Postmodern and post-structuralist theories offer some relief from the endless cycle of identity politics since the idea of an essential identity is regarded as belonging to a past wedded to ‘grand narratives’ of truth and progress. During the 1980s the term ‘woman’ itself came to be seen as part of the problem. From a post-structuralist point of view, diverse women were trying to lay claim to an identity which is never stable in its range of meanings, but always slippery and culturally and historically diverse. For Monique Wittig the radicalism of the lesbian social position is that they can refuse to be a ‘woman’: ‘“Woman” is there to confuse us, to hide the reality, “women”. In order to be aware of being a class and to become a class we first have to kill the myth of “woman” including its most seductive aspects’ (Wittig 1992: 16). Others would argue that heterosexual feminists had much to learn from this perspective – that to refuse to be a ‘woman’ is to deny the dominant discourses that attempt to frame our selves in the interest of a hostile culture. Moreover denying the ‘woman’, as Wittig suggests, involves acknowledging the existence of ‘women’ in all their plurality (many critics would still want ‘woman’ to remain the organising feminist political principle. For Judith Butler, establishing a foundational identity to mobilise feminist politics is actually to restrict the possibilities of new unthought-of identities that feminism might make realities (Butler 1990: 147). In the 1990s, queer theory further challenged the politics of identity by denying the need for fixed sexual identities, identifying ‘queer’ as the badge of the sexual radical.

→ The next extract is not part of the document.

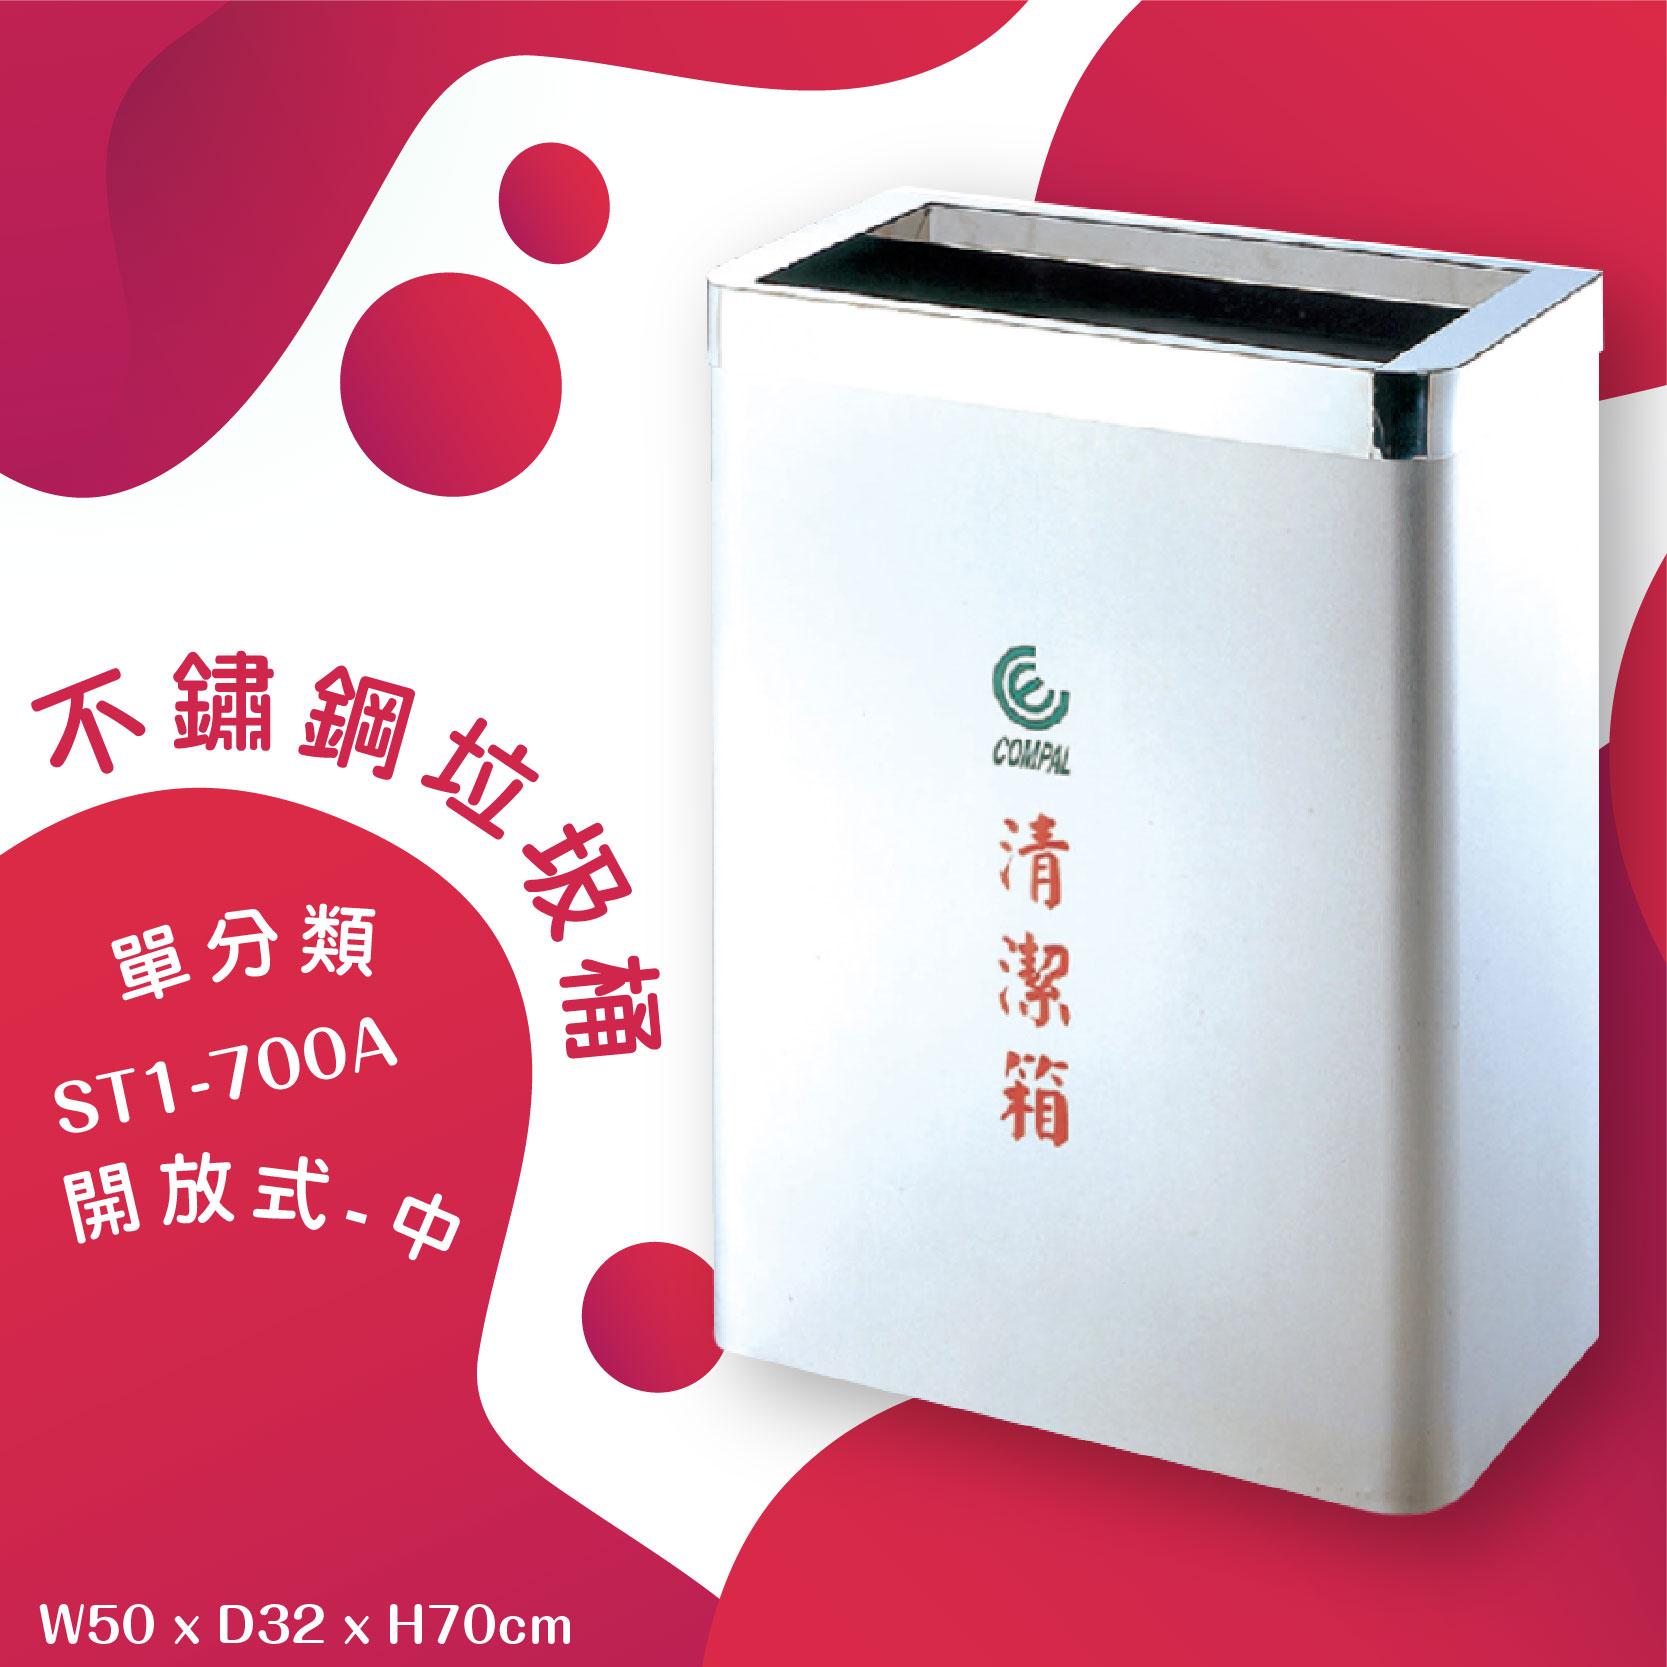 ST1-700A 不鏽鋼清潔箱(中) 開放式 垃圾桶 不鏽鋼垃圾桶 回收桶 環境清潔 資源回收 公共設施
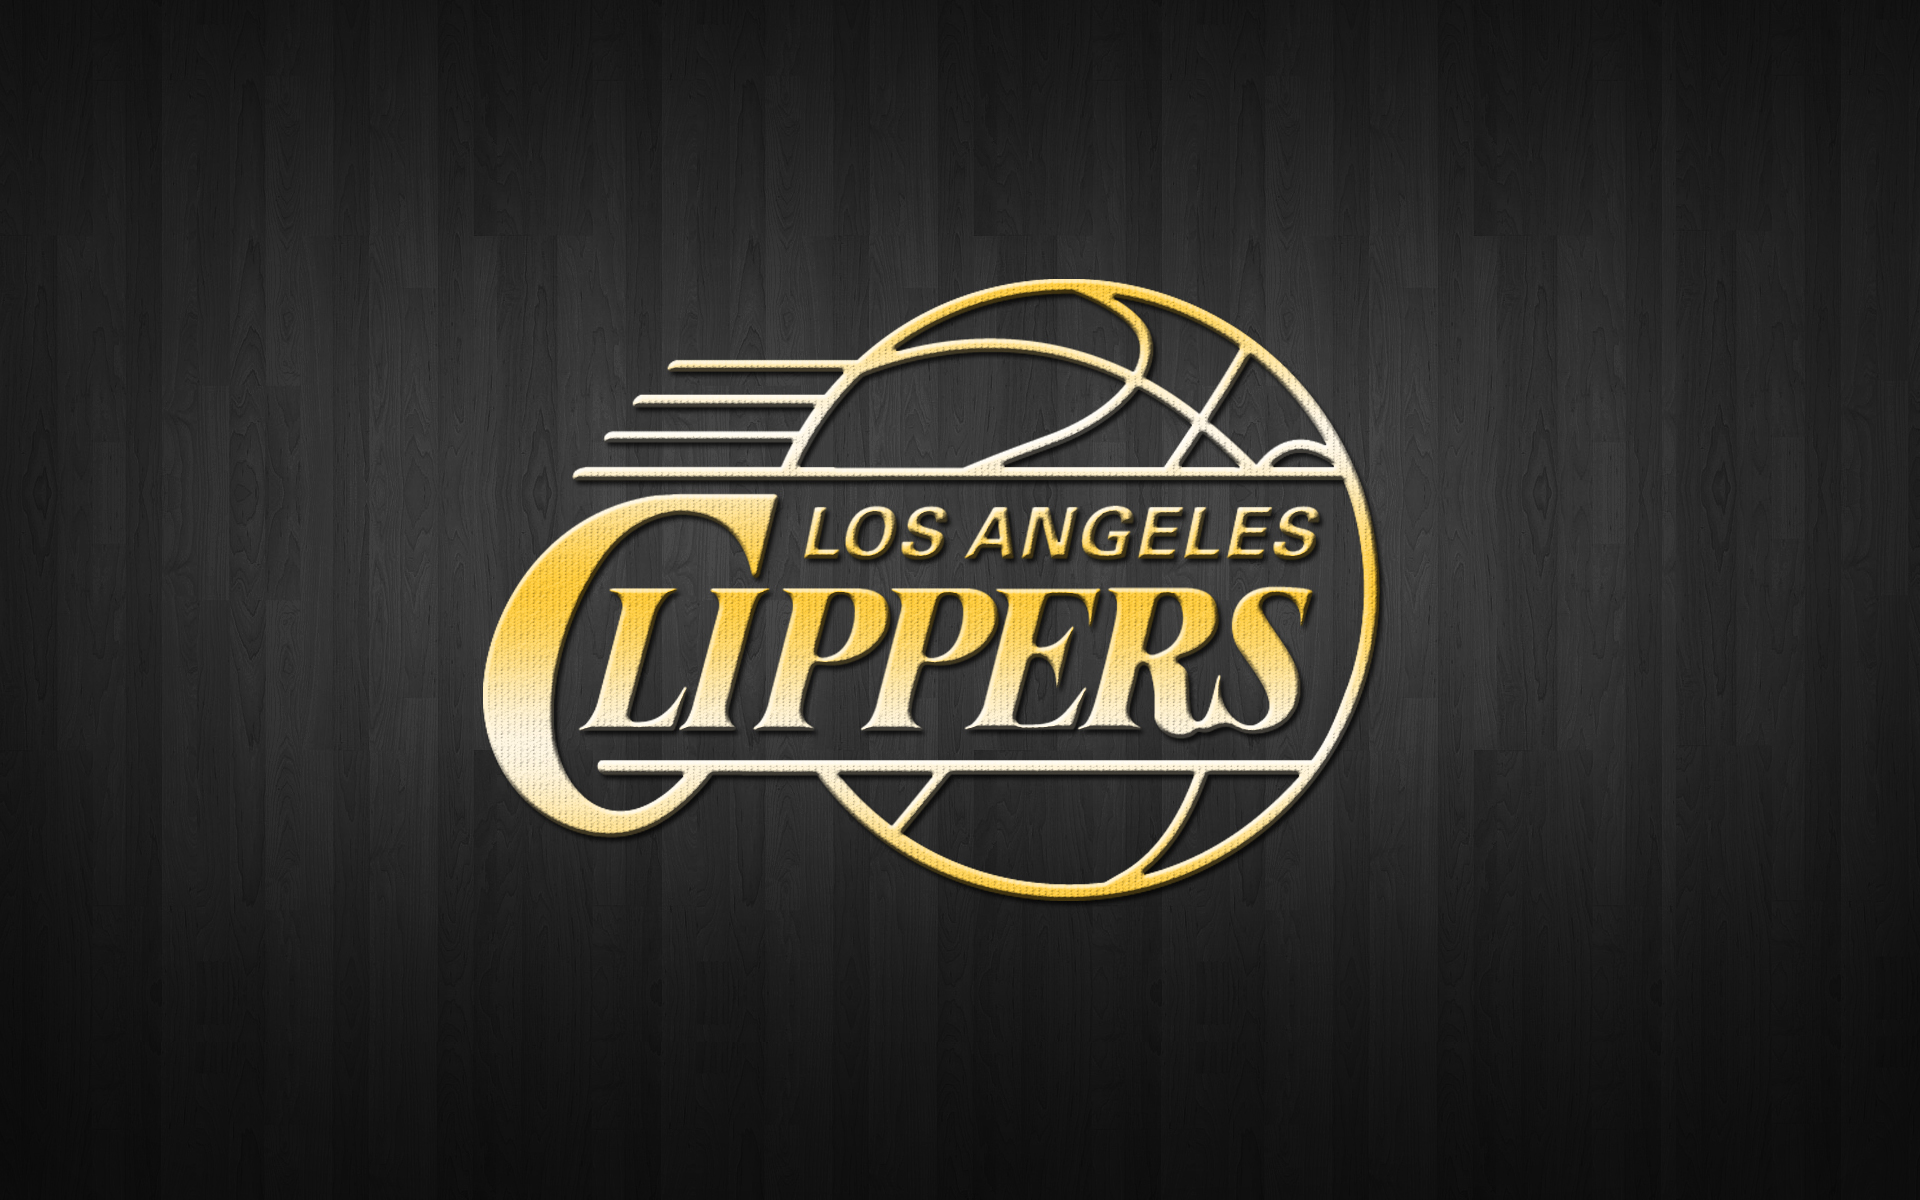 Basketball, Nba, Los Angeles Clippers, Logo Wallpaper - Los Angeles Clippers , HD Wallpaper & Backgrounds

Queer is a way of denying the normalcy of heterosexuality by blurring the gay/straight binary opposition and celebrating the plurality of responses that are made available. It’s playfully disruptive of the old boundaries, yet some feminists remain sceptical of its political reach.
For hooks, as for many other veteran feminists, the perception of identity politics as either avoidable or necessarily negative was second wave feminism’s first mistake: ‘[w]omen do not need to eradicate difference to feel solidarity. We do not need to share common oppression to fight equally to end oppression’ (hooks 1986: 138).
Source: Fifty Key Concepts in Gender Studies Jane Pilcher and Imelda Whelehan Sage Publications, 2004.
FURTHER READING
Either Evans (1979) or Echols (1989) gives a flavour of tensions in the early US Women’s Liberation Movement; Segal (1987) at times controversially covers some of these issues from a largely British perspective. Hooks’s (1986) essay is passionately argued and extremely accessible, whereas Butler (1990) and Wittig (1992) cover some of the theoretical ground.